We do not intend to endorse (Detachment) as a good definition, much less the right one, of a detachable connective. If a close connection between conditionals and detachable connectives was intended, the definition is too broad, as conjunction satisfies (Detachment) in most logics. The problem is not about specific connectives, though, but rather that as it stands, the definition does not distinguish between ‘self-detachable’ connectives, like conjunction, for which the other premise plays no role, and other connectives for which the additional premise is essential. Proof-theoretically, it might be demanded that both A and \(A\vartriangleright B\) are effectively used to prove (in L) B or, model-theoretically, that \(A\vartriangleright B\) alone has none of its proper sub-formulas as logical consequences (in L). These changes would affect some details of the discussion below, for sure—for instance, whether conditionals are necessarily detachable, and if not, whether what is needed in the definition of a contracting connective is a detachable connective or a conditional suffices—, but we stick to the definition in the literature and leave the discussion of a better definition for another occasion.
- 2.
Although very widespread, this satisfiability condition for conjunction does not encompass all conjunctions. For example, Bochvar’s (internal) conjunction does not fall into its scope.
- 3.
This notion can also be made compatible with logics that take more than one designated value. However, this requires explanations that are unnecessary and even distracting for our purposes. The only point we want to get across is that (T-consequence) is a very natural generalization of our usual definition of validity.
- 4.
A quick note on notation: so far, we have been using \(\Vdash \) as a sort of generic turnstile, meant to be read from left to right, as usual. We will be using \(A \dashv \vdash B\) as shorthand for ‘\(A \Vdash B\) and \(B \Vdash A\)’.
- 5.
And this is a recurrent lesson in many semantic projects. For one of its more recent appearances in proof-theoretic semantics, see Dicher and Paoli (2021).
- 6.
A connective k is contraposable (in L) if and only if, \(A \, k \, B\dashv _{L}\vdash \sim B \, k \, \sim \! A\), where \(\sim \) is a generic negation. In order to evaluate contraposition, we make use of the usual generalized satisfiability condition for negation: \(\sigma (\sim A) = 1\) if and only if \(\sigma (A) = 0\), \(\sigma (\sim A) = 0\) if and only if \(\sigma (A) = 1\), and \(\sigma (\sim A) = *\) otherwise. Our choice reflects nothing beyond the decision to stick with basic, not too deviant, many-valued logical vocabulary.

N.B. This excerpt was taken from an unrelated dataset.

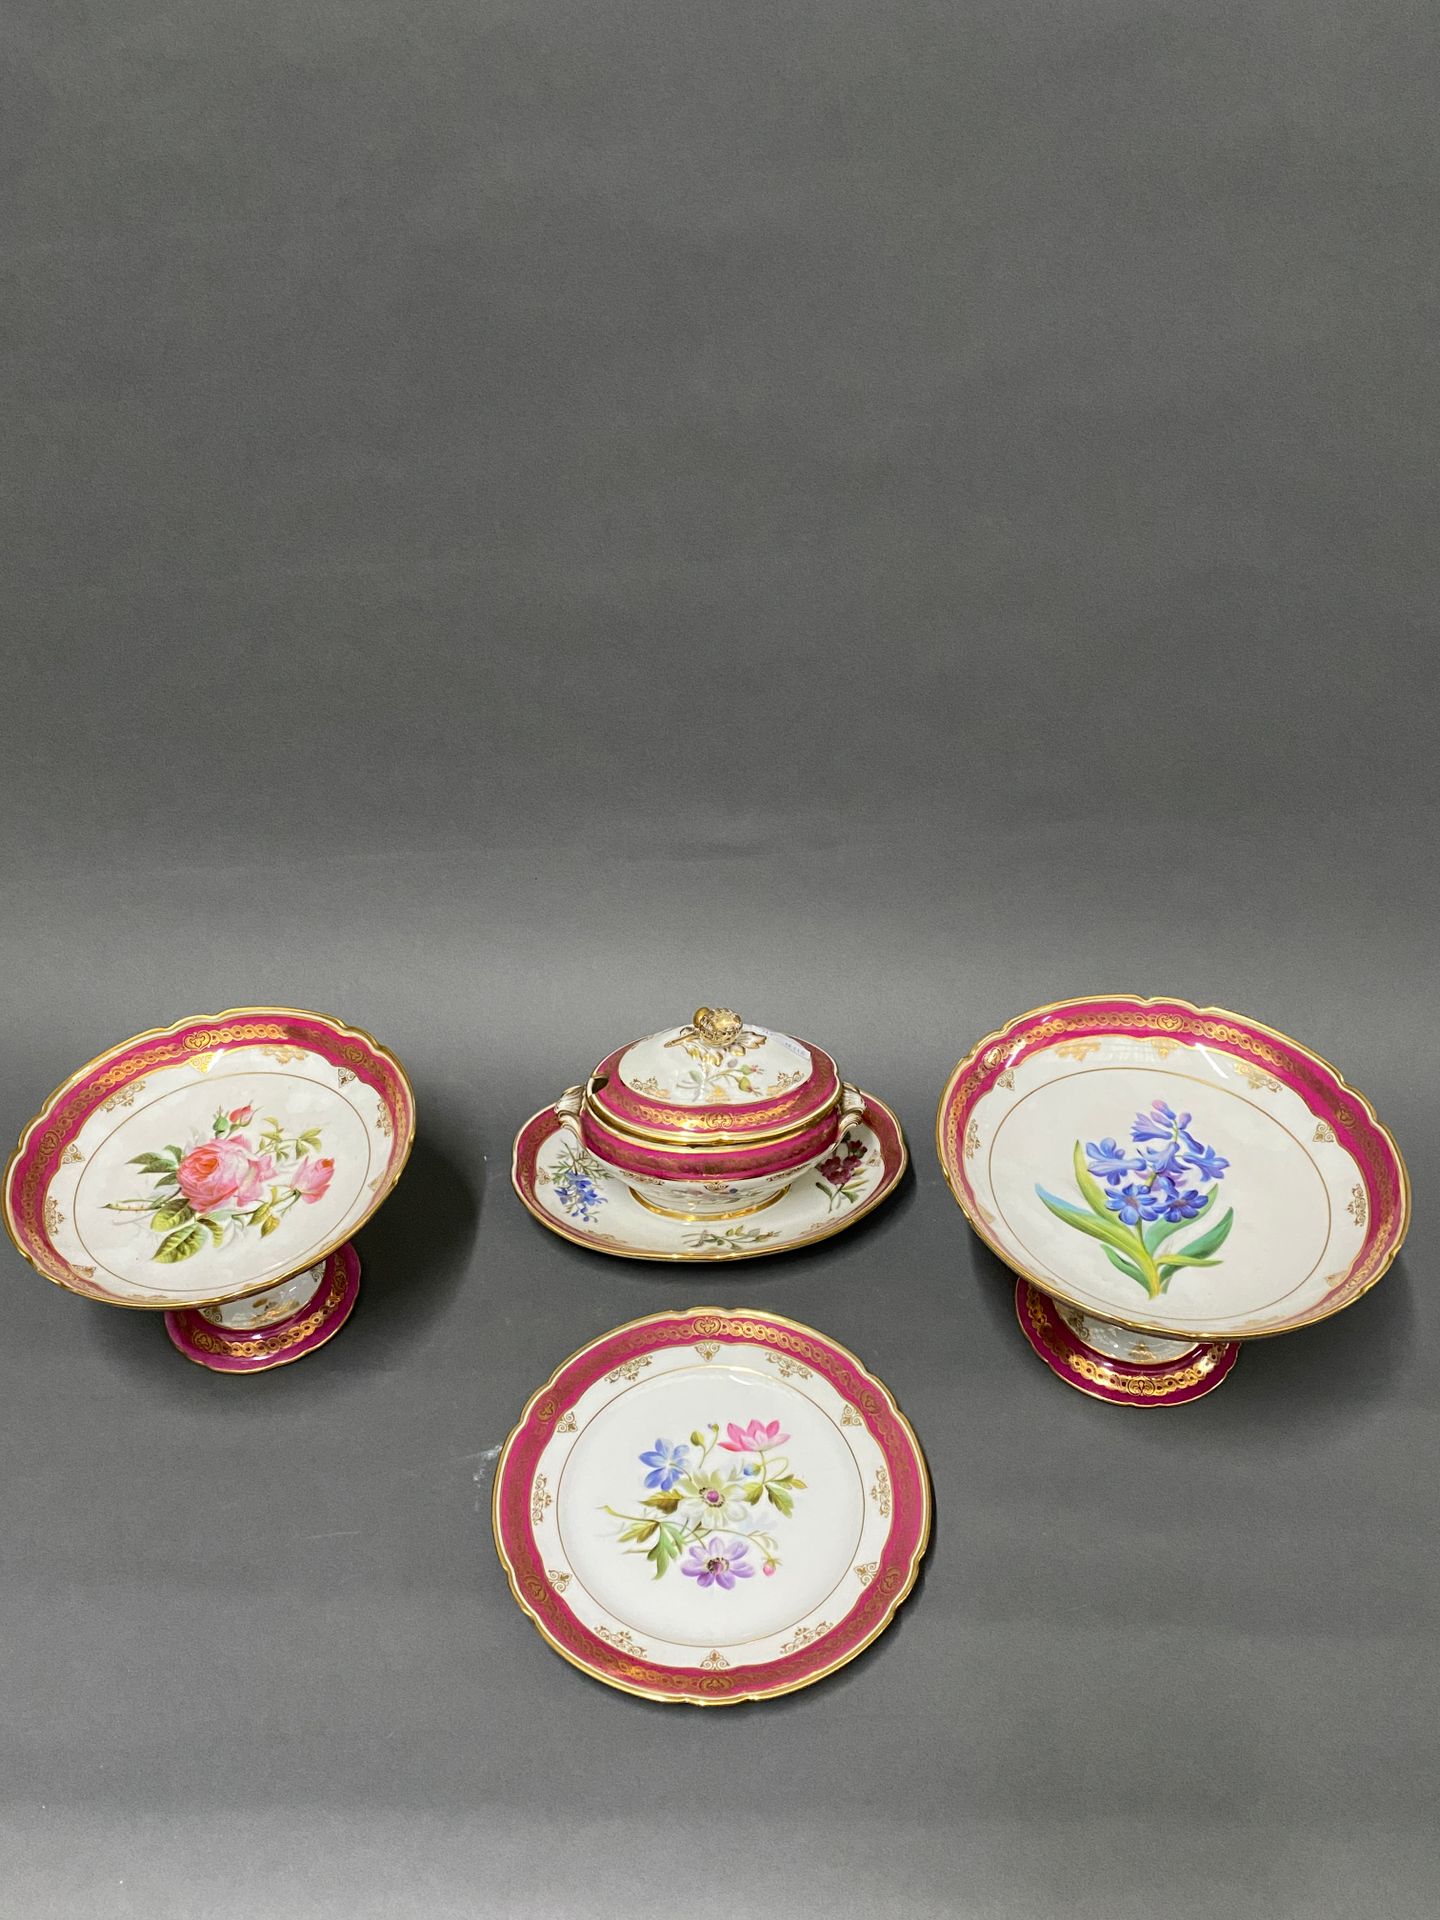 Null 这是有植物装饰的瓷器晚餐服务的一部分，由20个餐盘，两个有盖的酱缸（一个损坏），五个高脚碗和四个小盘子组成。 19世纪巴黎或英国。

直径：22厘米（&hellip;

The inclusion of other negation connectives would certainly make for interesting discussion; however, we are also aware that matters might already be complicated enough as they stand. Consequently, we think that the introduction of other negation connectives deserves its own treatment elsewhere.
- 7.
A connective c is non-symmetric (in L) if and only if, either \(A \, c \, B\nVdash _{L} B \, c \, A\) or \(B \, c \, A\nVdash _{L} A \, c \, B\).
- 8.
- 9.
For more on this discussion, see Wansing and Shramko (2008).
- 10.
For an even more elaborate defense of the logicality of P-logical consequence and other non-Tarskian notions of logical consequence, see Estrada-González (2015).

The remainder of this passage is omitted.